TASK OBJECTIVE
Give back the whole listing verbatim, printing none of its pictures.

GIVEN INFORMATION

◇ ◇ ◇ ◇

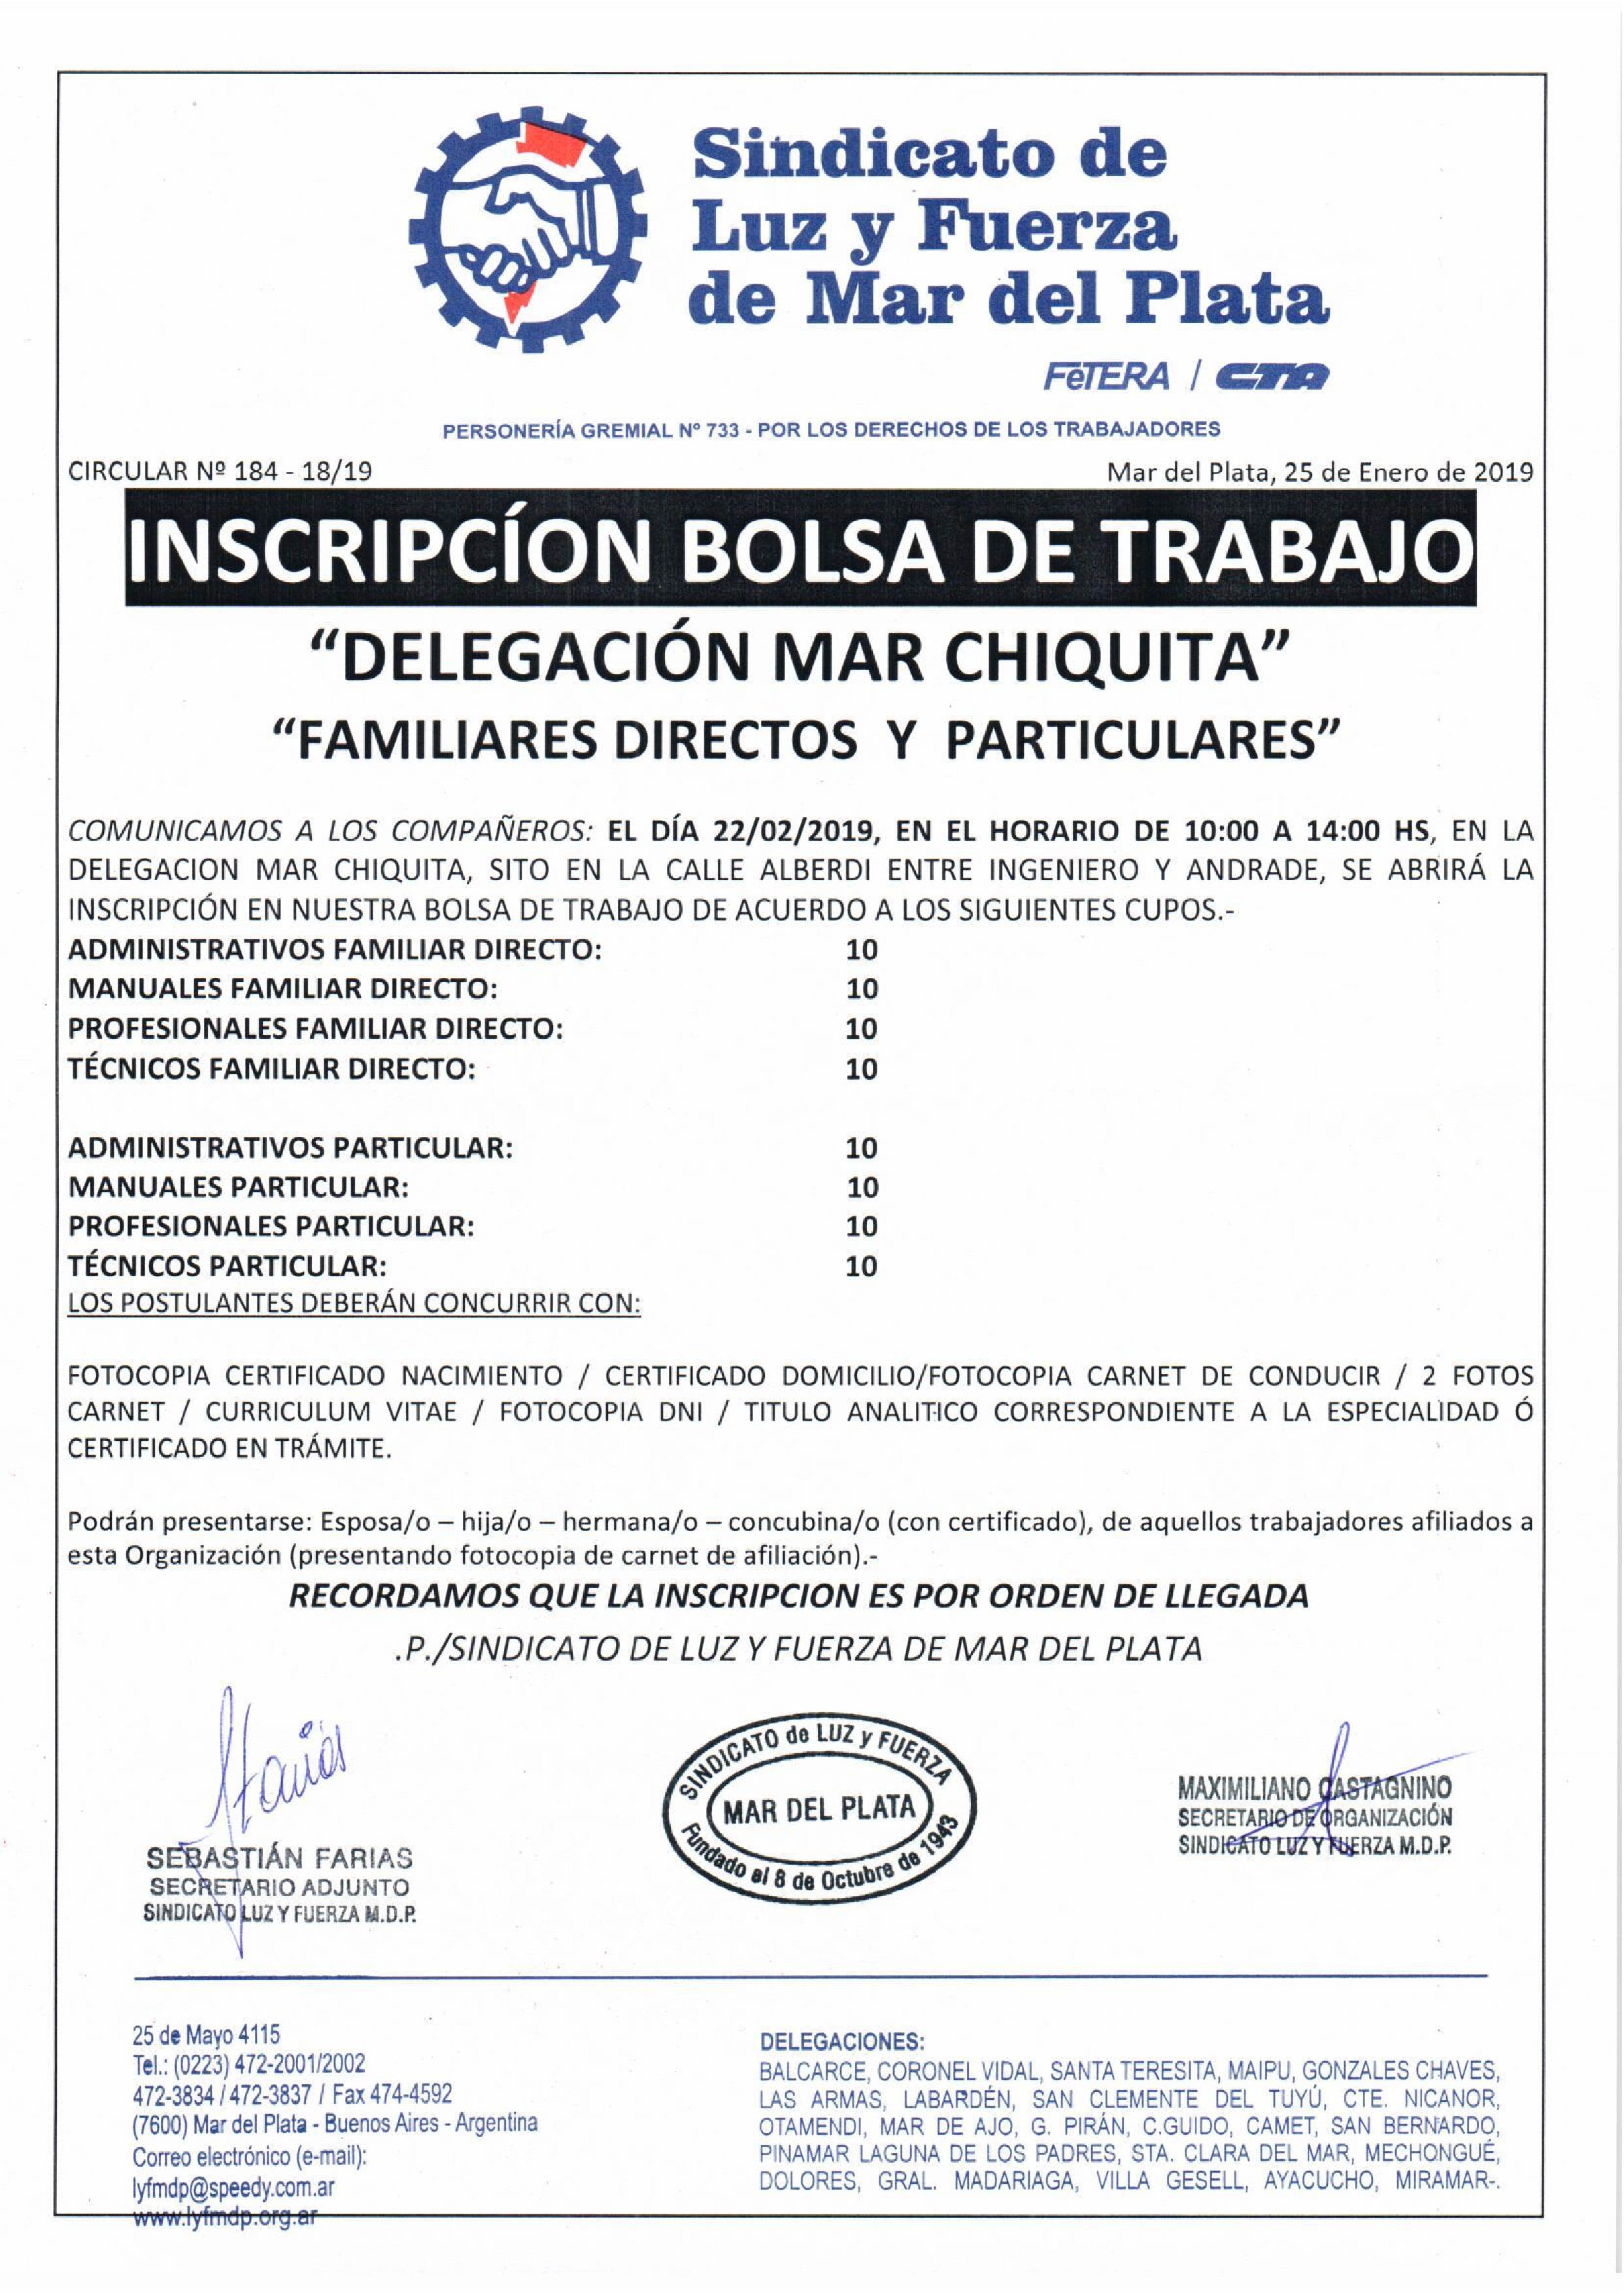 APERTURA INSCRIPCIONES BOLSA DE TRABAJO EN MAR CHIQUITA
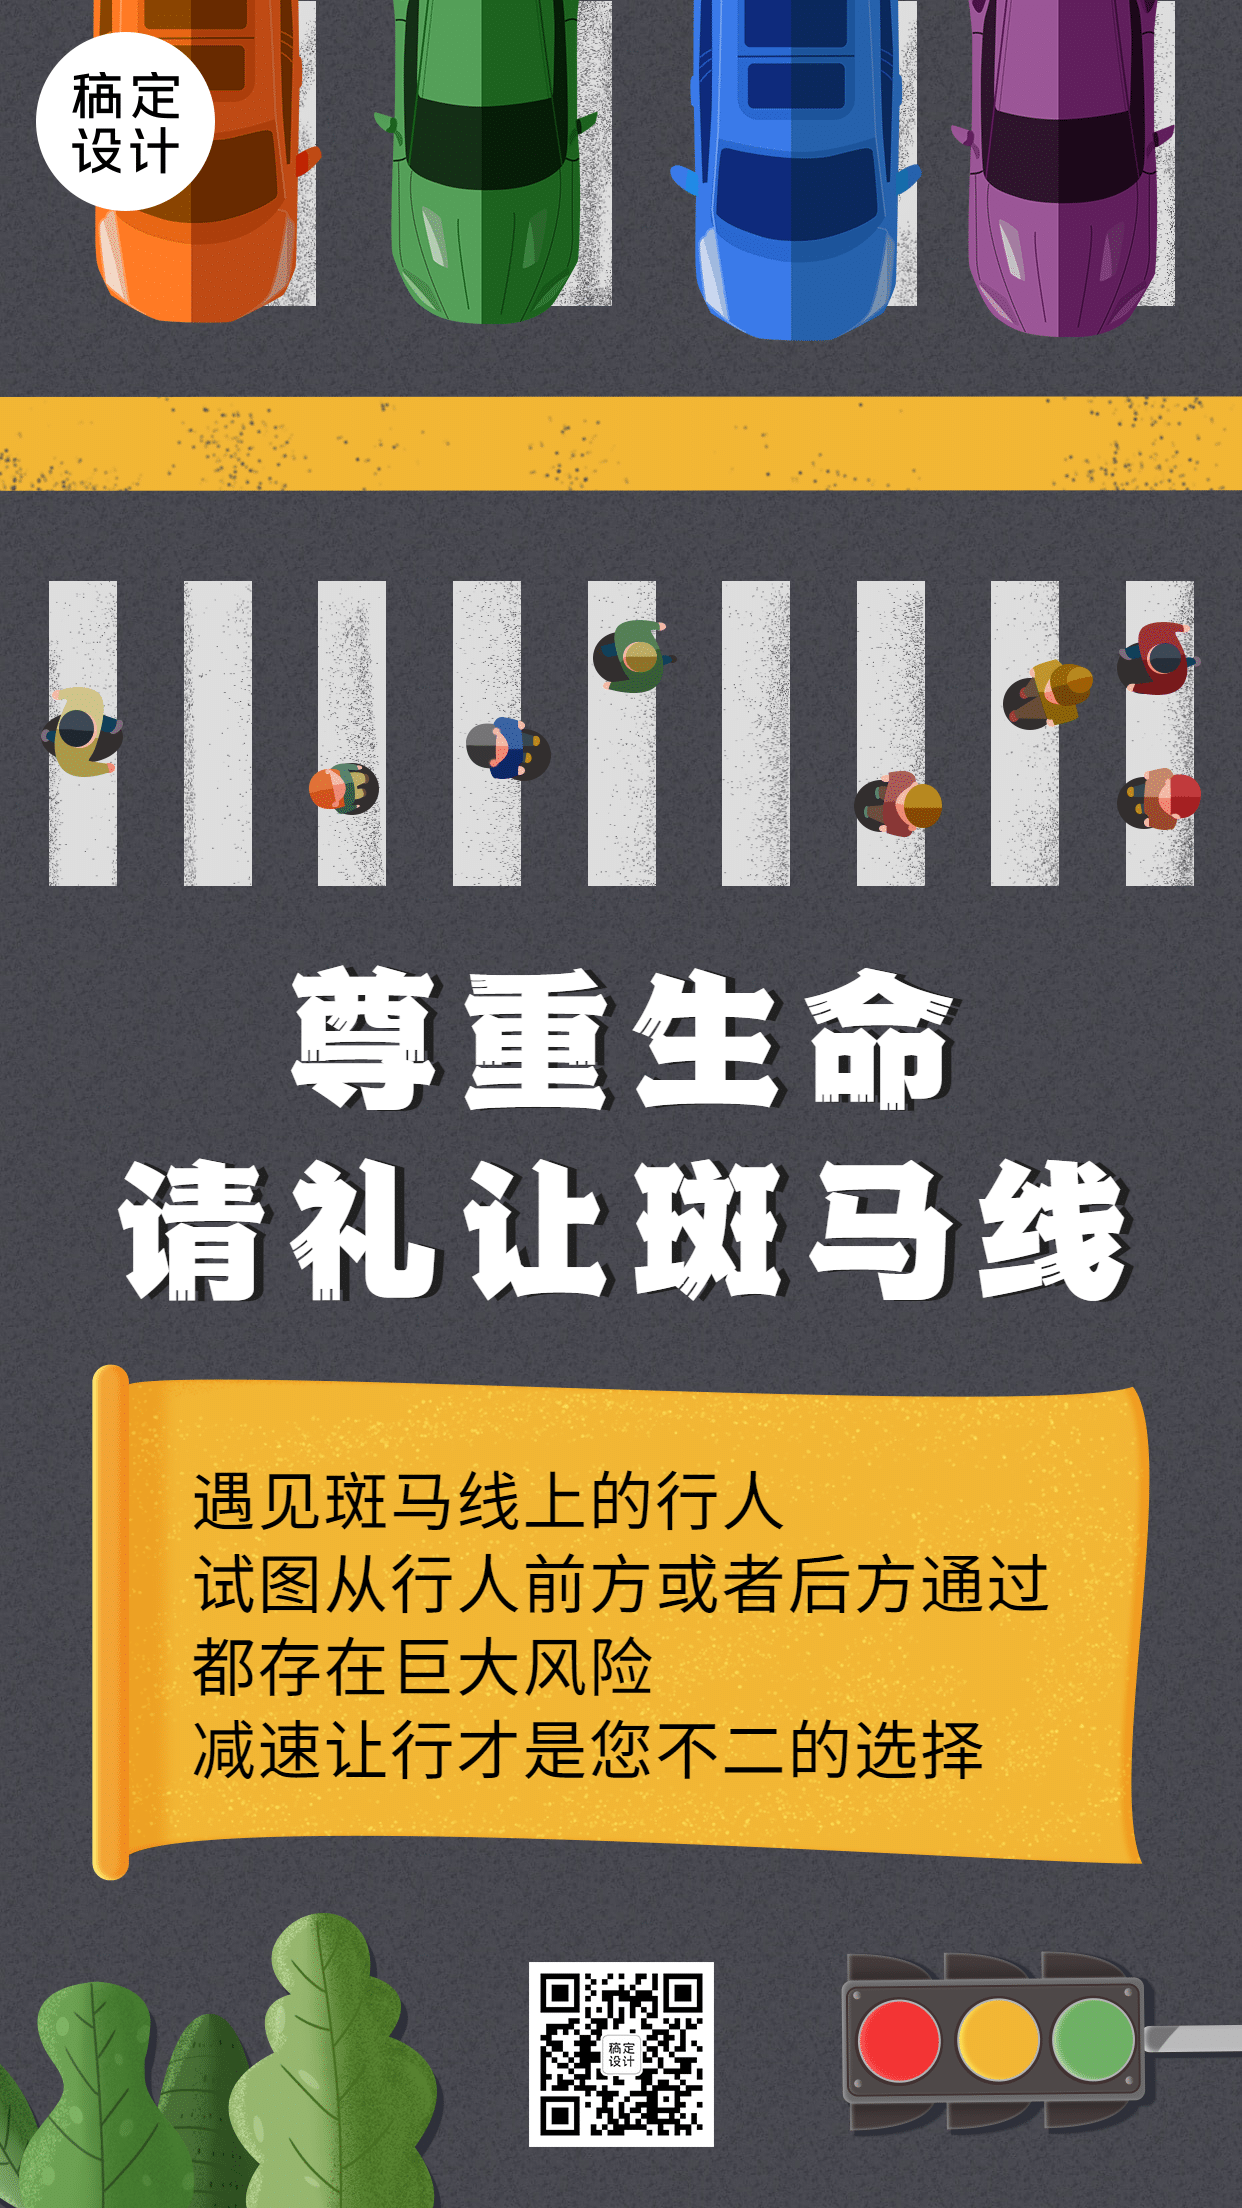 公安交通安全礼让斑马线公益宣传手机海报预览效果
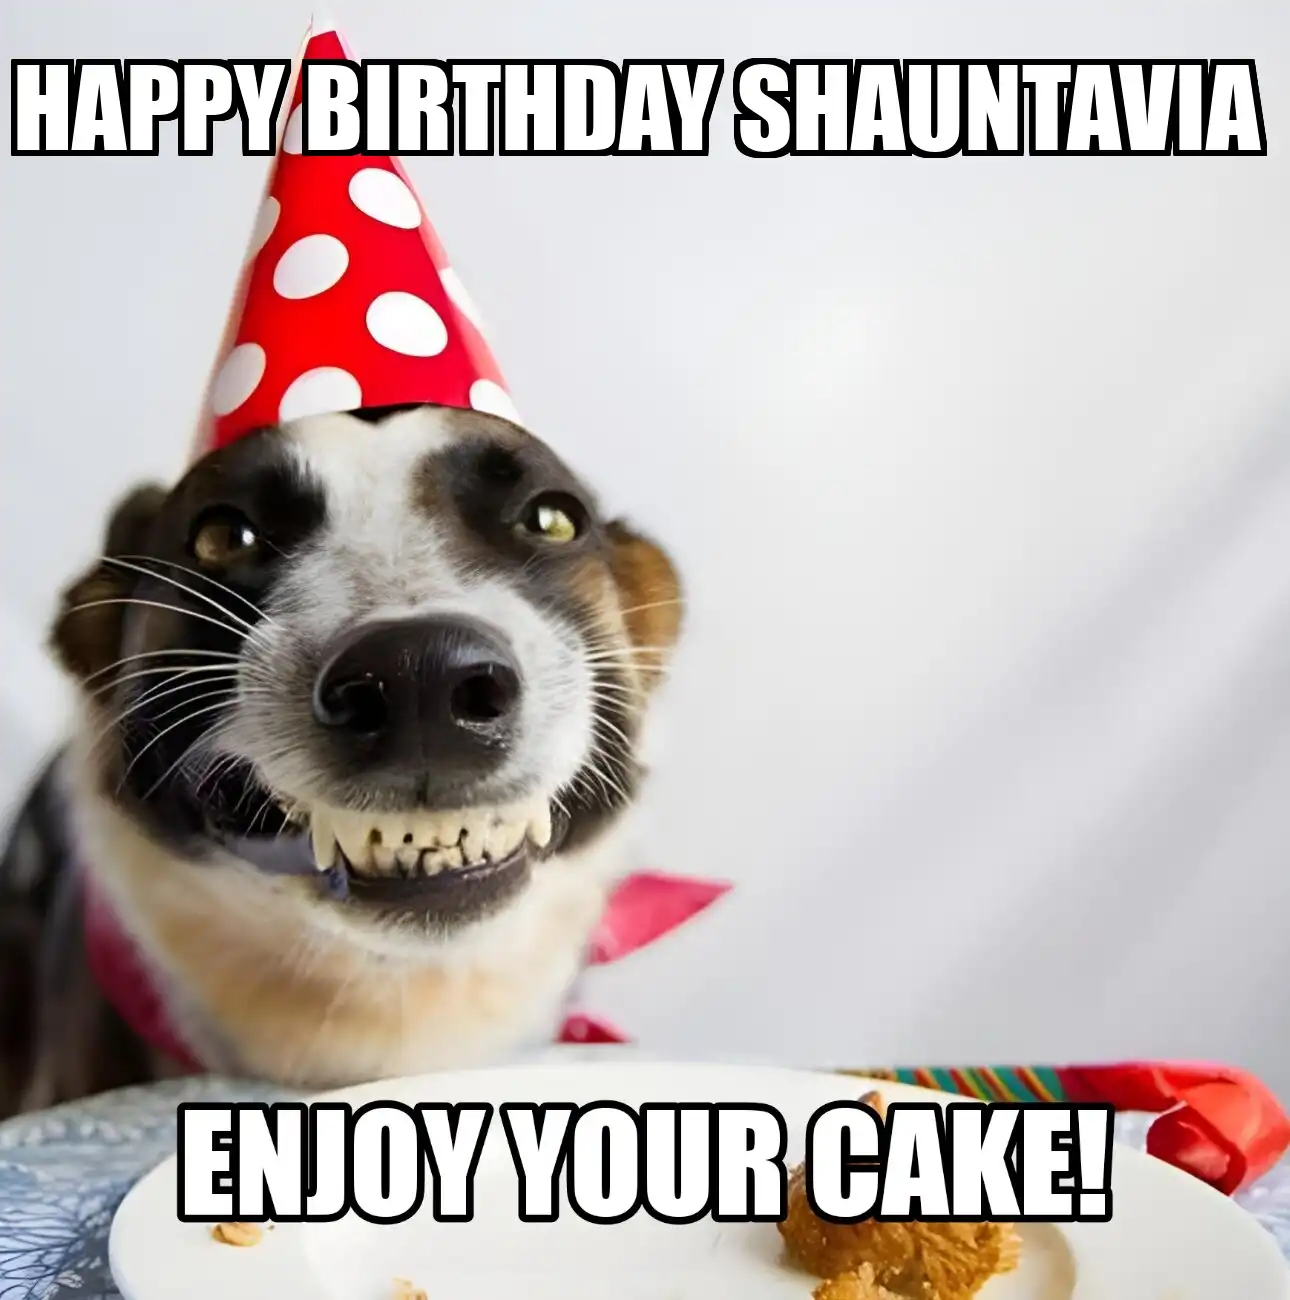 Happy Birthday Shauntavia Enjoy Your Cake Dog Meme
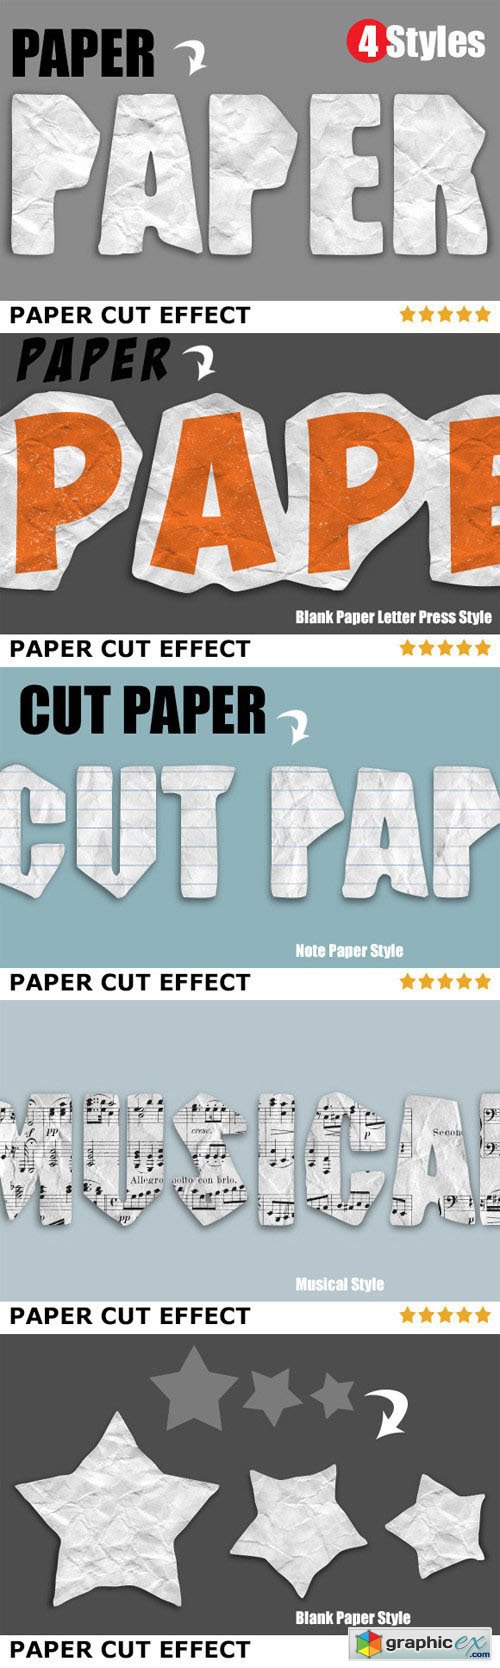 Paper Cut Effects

◇ ◇ ◇ ◇

TASK OUTPUT
 APERTURA INSCRIPCIONES BOLSA DE TRABAJO EN MAR CHIQUITA
 公安交通安全礼让斑马线公益宣传手机海报预览效果
 Happy Birthday Shauntavia Enjoy Your Cake Dog Meme
 Paper Cut Effects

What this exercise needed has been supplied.